I understand the answers to that one but not sure how I would incorporate more than 1 step of find variance.

So the problem is:

A miner is stranded and there are two paths he can take.

Path A loops back to itself and takes him 5 days to walk it.

Path B brings him to a junction in 0 time. The junction at the end of Path B has 2 paths, say Path BA and Path BB.

Path BA brings him back to his original starting point and takes him 2 days to walk. Path BB brings him to safety and takes him 1 day to walk.

Each path has an equal probability of being chosen and once a wrong path is chosen, he gets disorientated and cannot remember which path it was and the probabilities remain the same.

What is the expected value of the amount of days he will spend before he exits the mine? What is the variance of the amount of days he will spend before he exits the mine.

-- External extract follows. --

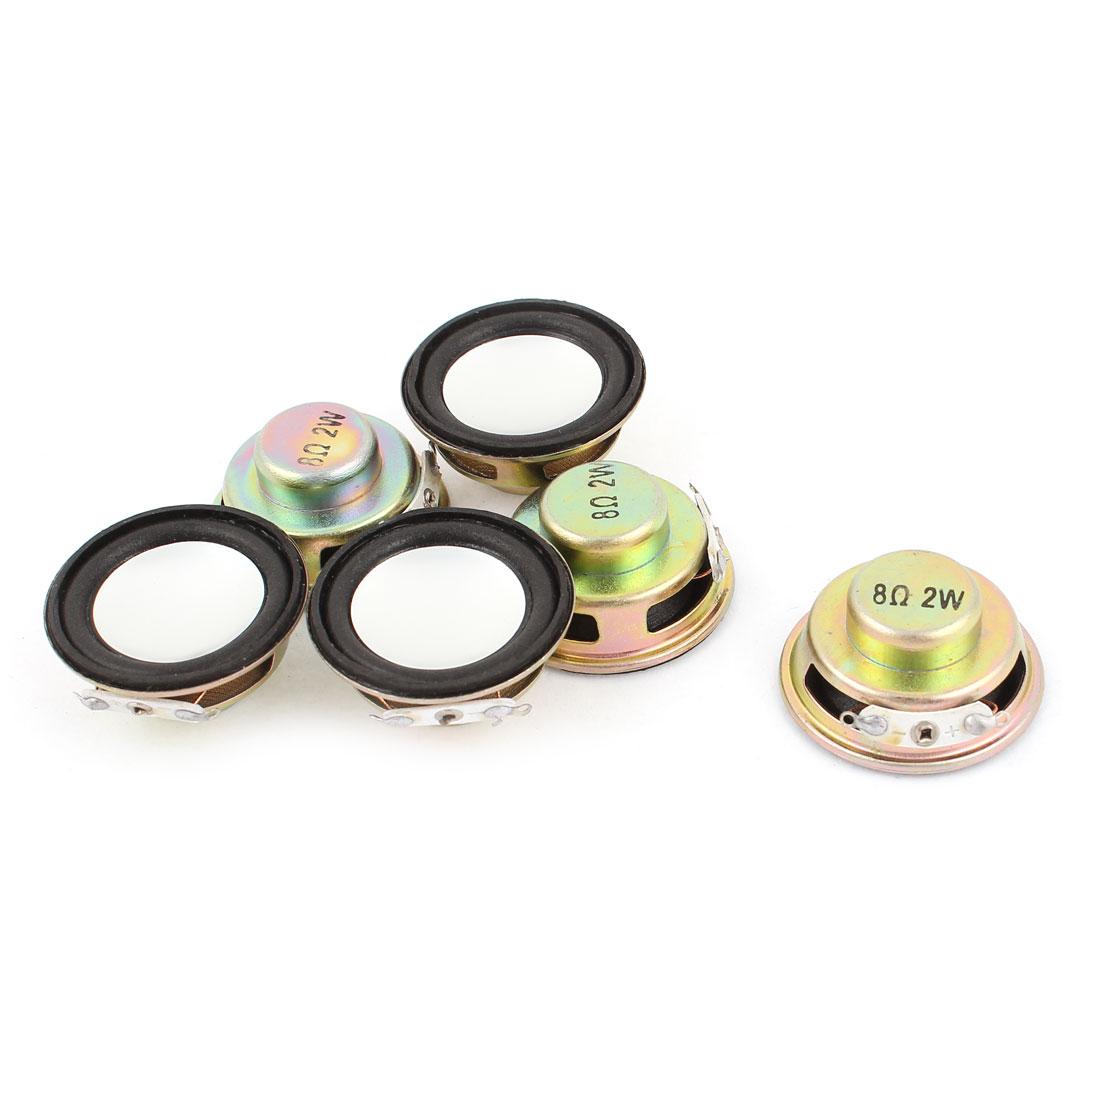 6pcs 8Ohm 2W 36mm Diameter Round Metal Shell Audio Speaker Horn

I created this question based on the one already posted 2 years ago in order to understand the concept of conditioning better. Any solutions or help with this are greatly appreciated.

Answer 1

Miner can take route BB and escape in 1 day (2 correct decisions each with $\frac 12$ probability. $P(BB) = \frac 14$.

or he can take route BA and escape be back to his starting point in 2 days. $P(BA) = \frac 14$ or he can take route A and escape be back to his starting point in 5 days. $P(A) = \frac 12$

$P(A) + P(BB)+ P(BA) = 1$ which is good, we have covered all of the probabilities.

Finding $E[X]$ If he takes path $A$ Then his he wasted 5 days, and afterward his expected time to escape is still $E[X]$

$E[X] = \frac 12 (5 + E[X]) + \frac 14 (2 + E[X]) + \frac 14(1)$

And $E[X]= 13$

Alternative.

Suppose our minor chooses a wrong path. We exclude the good path, and he wastes $\frac 23\cdot 5 + \frac 13\cdot 2 = 4$ days

$E[X] = 1 + 4\cdot \frac 14\sum_\limits{n=1}^\infty n(\frac 34)^n = 1 + 4\frac {\frac 34}{(1-\frac 34)^2} = 13$

Variance $E[X^2] - E[X]^2 = E[(X-1)^2] + E[(X-1)]$

This adjustment takes off the one day to that it will definitely take to get out of the cave simplifies what follows

$E[(X-1)^2] = 4^2\cdot \frac 14\sum_\limits{n=1}^\infty n^2(\frac 34)^n\\ \sum_\limits{n=1}^\infty n^2 x^n = x\frac {1+x}{(1-x)^3}\\ E[(X-1)^2] = 16(\frac 14)(\frac {1+\frac 34}{(1 -\frac 34)^3}(\frac 34) = 336\\ E[(X-1)^2] - E[(X-1)]^2 = 336-144 = 192$

Answer 2

Here's a sketch: Suppose the walker chooses the wrong path at $B$ a total of $n_B$ times. Then he gets from $A$ to $B$ a total of $n_B + 1$ times; for each $j$, let $n_{A,j}$ be the number of times he takes the wrong path at $A$. Then $n_B$ and all of the $n_{A,j}$ are mutually independent geometric random variables with parameter $1/2$ and the total walking time is $$X = \sum_{i = 1}^{n_B + 1} 5 n_{A,i} + 2 n_B + 1.$$

From here, use conditional expectation and the law of total variance to get the mean and variance of this quantity.

Answer 3

For finding mean This question has an answer that has a similar format to finding the expected value of coin flips until we get however-many heads or tails in a row (I would suggest doing some research on that if you are unfamiliar.)

For this problem, the format could look something like this (assuming equally likely chances for paths $A$ and $B$ to be chosen as well as paths $BA$ and $BB$):

Let $E(x)$ be the expected value for the number of days the miner will be in the cave. This is equal to:

$$E(x) = 0.5\left(5 + E(x)\right) + 0.5(0.5)\left(2+E(x)\right) +0.5(0.5)(1)$$

All that is left is to solve for $E(x)$ which I will leave up to you :)